§ **DATASET CONTENT**:
****

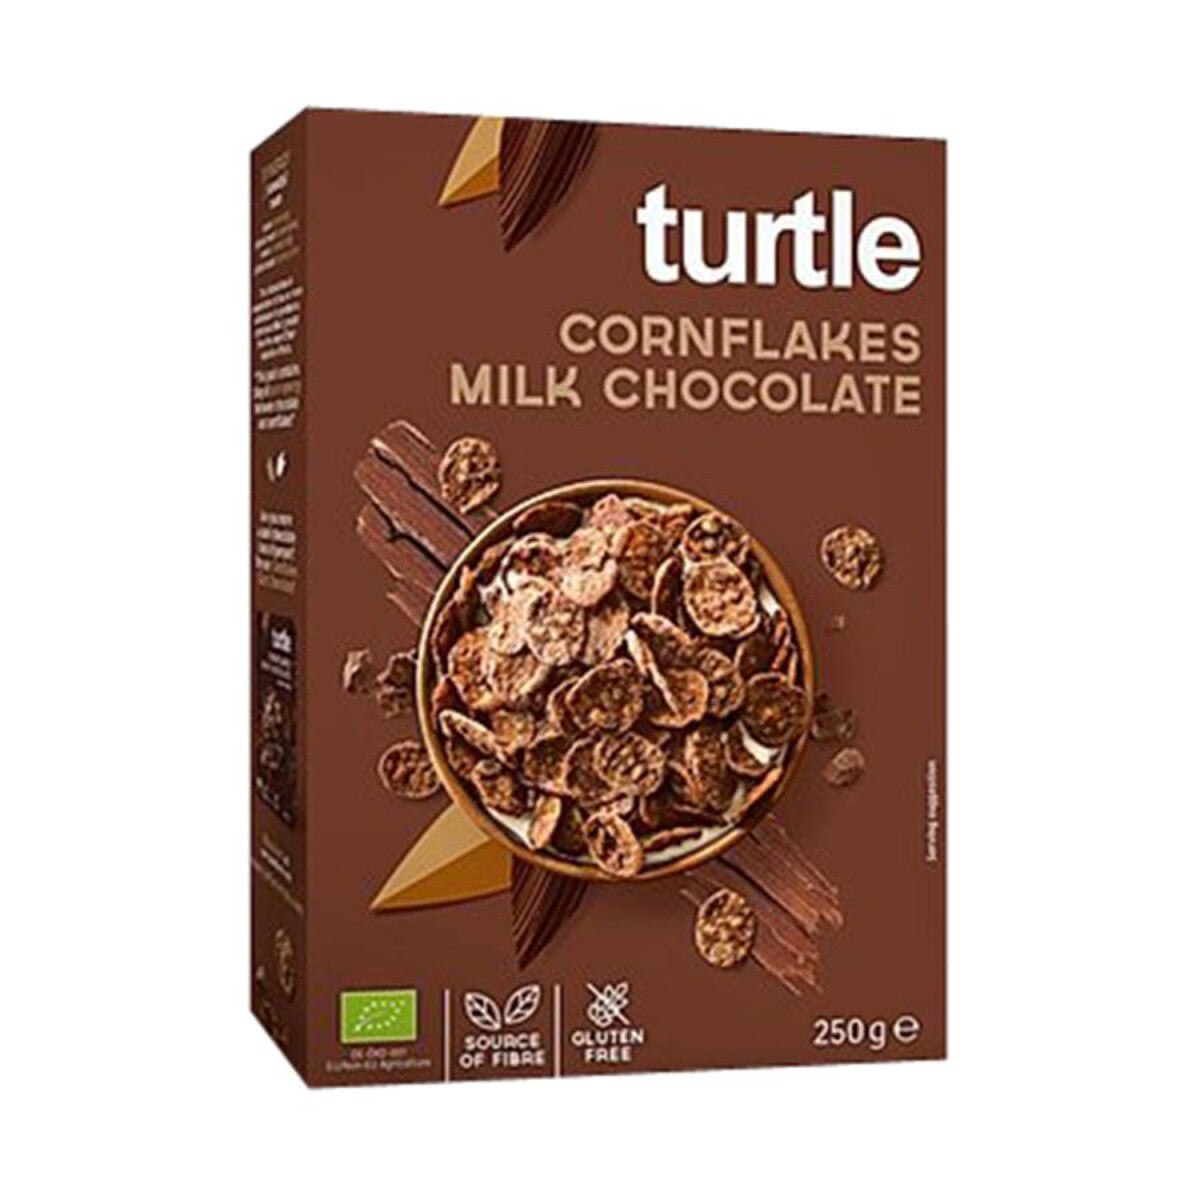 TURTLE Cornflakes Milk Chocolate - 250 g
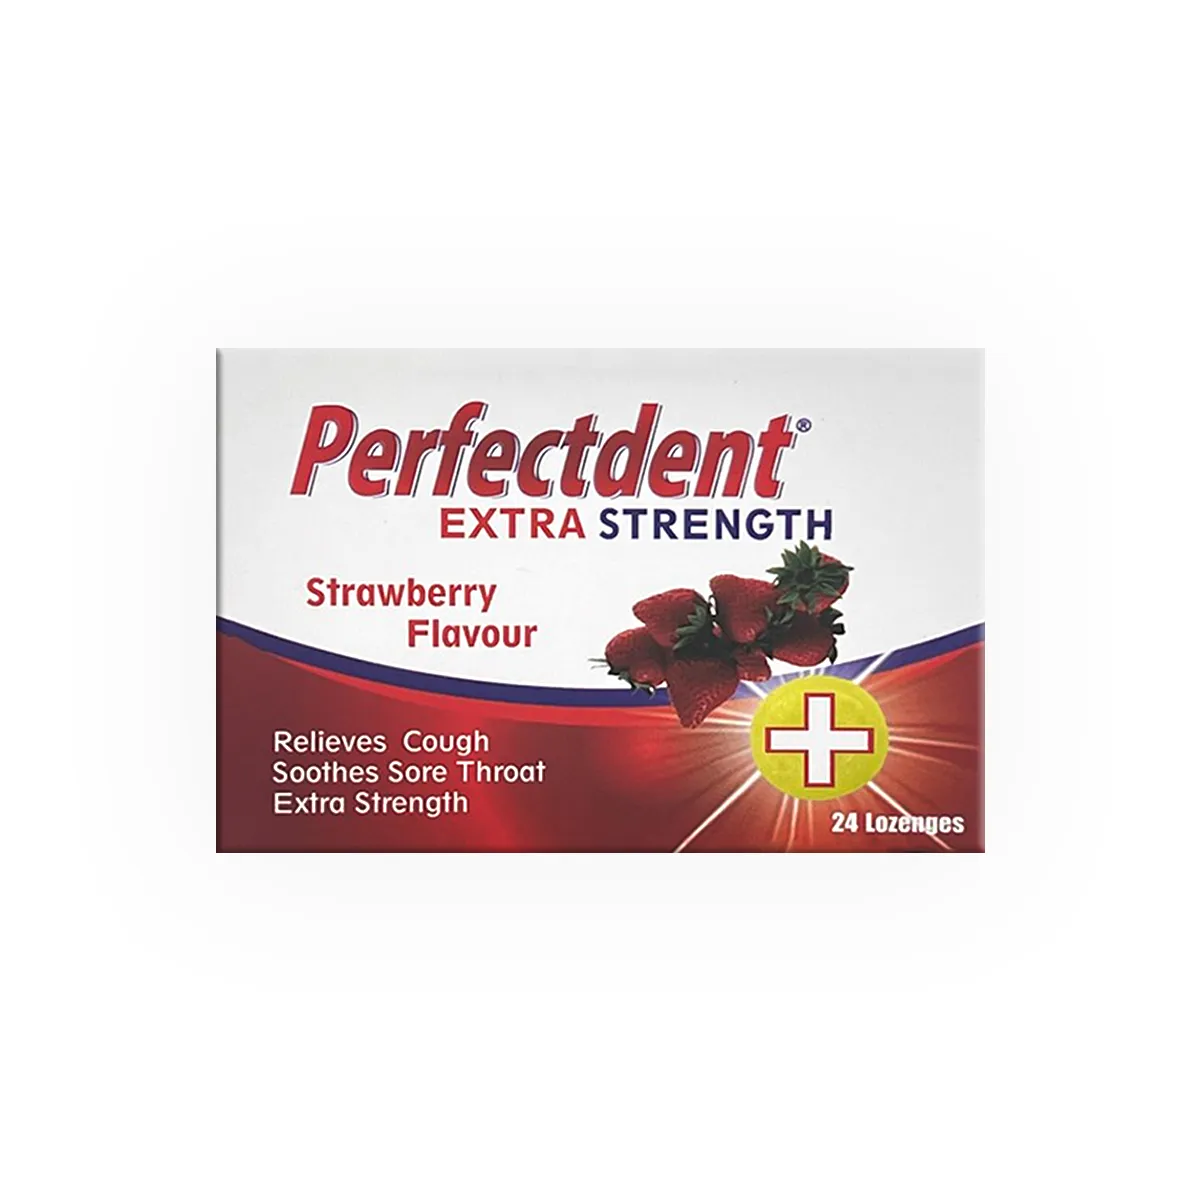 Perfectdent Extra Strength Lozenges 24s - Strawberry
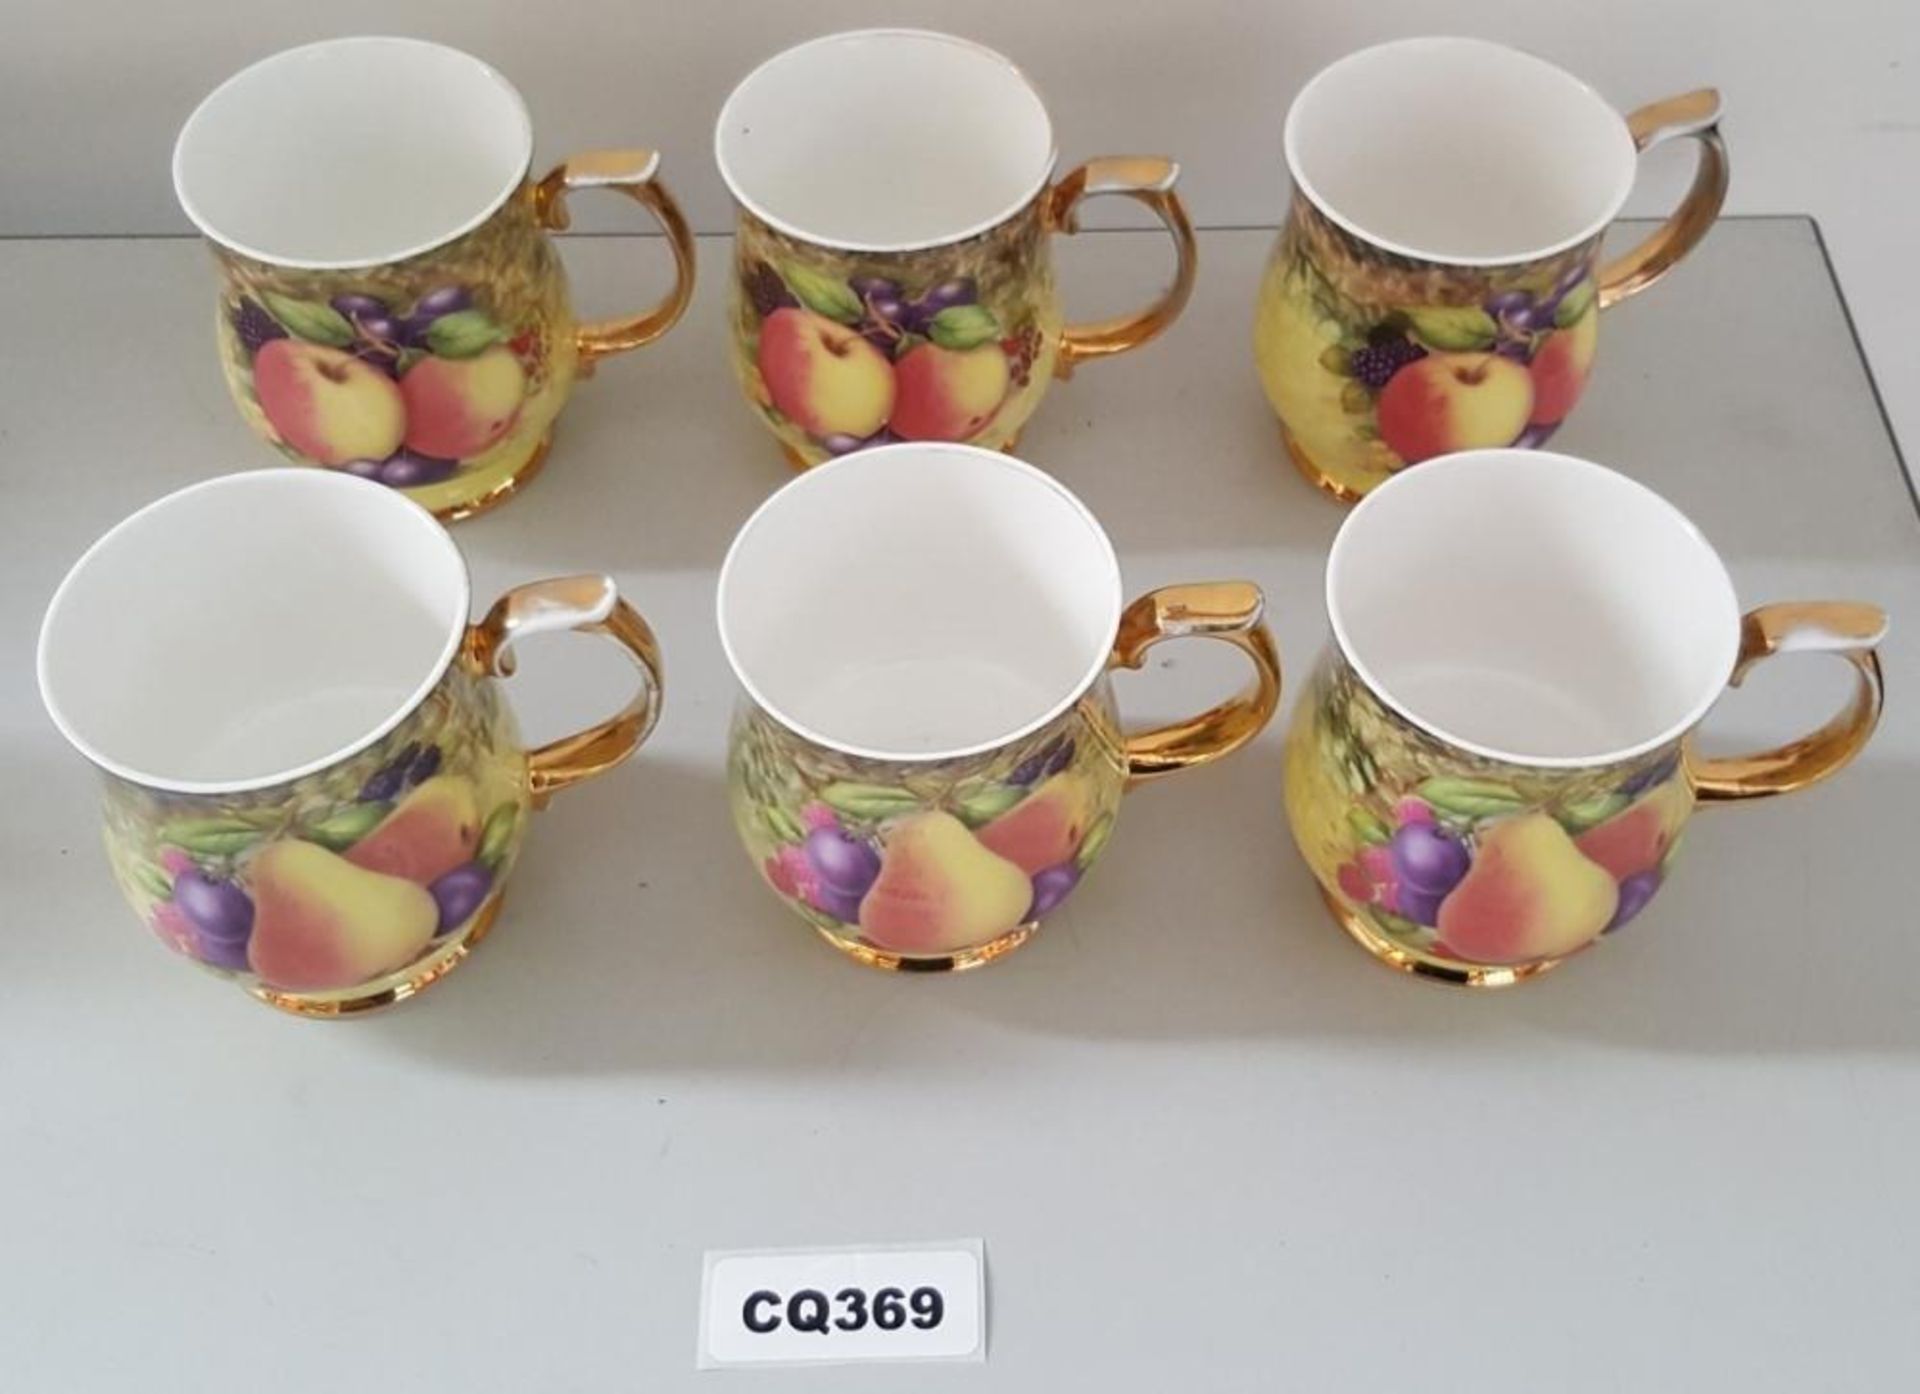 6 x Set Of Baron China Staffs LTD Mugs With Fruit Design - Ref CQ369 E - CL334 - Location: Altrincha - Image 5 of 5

****

§ **REQUIREMENT**:
All that is needed is the span from the line with "Perfectdent Extra Strength" through the last line of the material above, reproduced exactly and free of pictures.

§ **YOUR RESPONSE**:
 Perfectdent Extra Strength Lozenges 24s - Strawberry
 6 x Set Of Baron China Staffs LTD Mugs With Fruit Design - Ref CQ369 E - CL334 - Location: Altrincha - Image 5 of 5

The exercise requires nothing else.